> First come first served is a better principle than "surge pricing".
This is called a price ceiling, and it's a bad idea with a track record of failure and significant harm.
I'd rather pay extra and get what I need with 100% chance than get what I need cheaply with 5% chance and otherwise be forced to go without or buy from scalpers for the same price I would have paid anyways. This is the purpose of prices. So the people who really need it can buy it, and those who are borderline about the purchase decide to opt out.
If you're concerned with wealth inequality or one large buyer cornering the market, there are better ways to address those problem than prices ceilings.

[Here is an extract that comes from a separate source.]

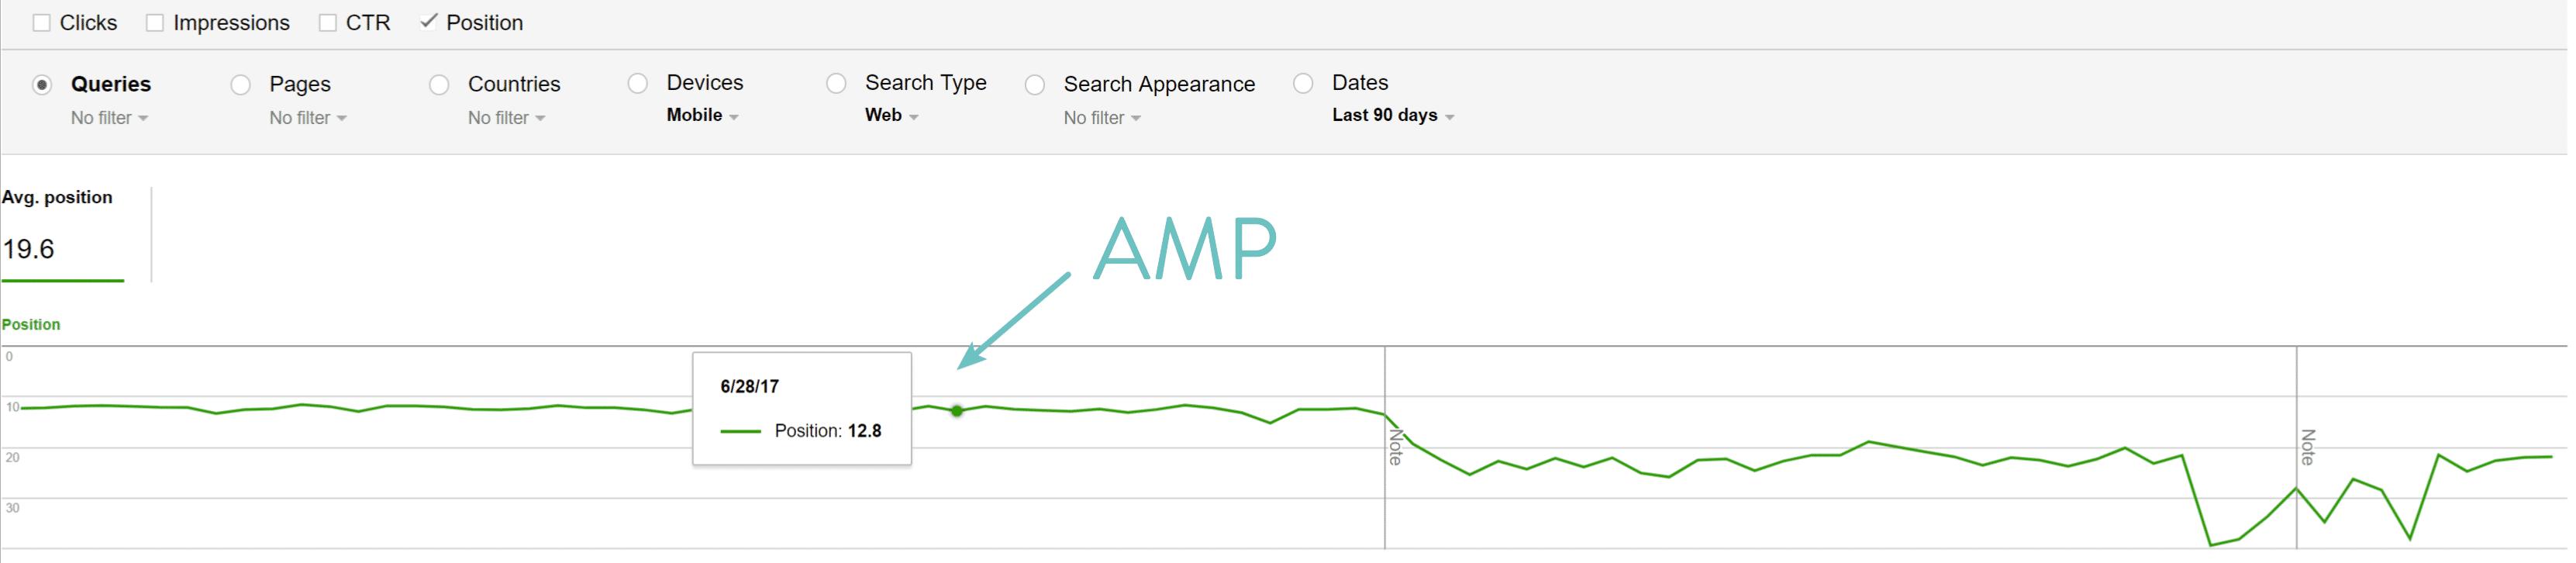 Données de positions Google AMP

> This is called a price ceiling
The act of eliminating surge pricing is not a price ceiling. That's a different thing. That requires more than simply swapping surge pricing with first come first served. You've created a strawman.
> I'd rather pay extra and get what I need with 100% chance
False dichotomy. Neither approach increases supply. Of course according to economists who can hand wave away bullwhip effects with simple "this model assumes X" statements that go unquestioned in the conversations which cite the findings of the given model but i digress. According to economists, both approaches do increase supply, the theory goes that the price gouging retailer invests in more factory capacity. Or the factory owner buoyed by vibrant secondary market activity views increased production investment as a safe bet. Maybe there's some truth in the latter...
> If you're concerned with wealth inequality
I'm concerned with lazy financial engineering over hard work. Why should the scrappy but innovative startup be excluded from resources over the sclerotic incumbent with a deeper wallet?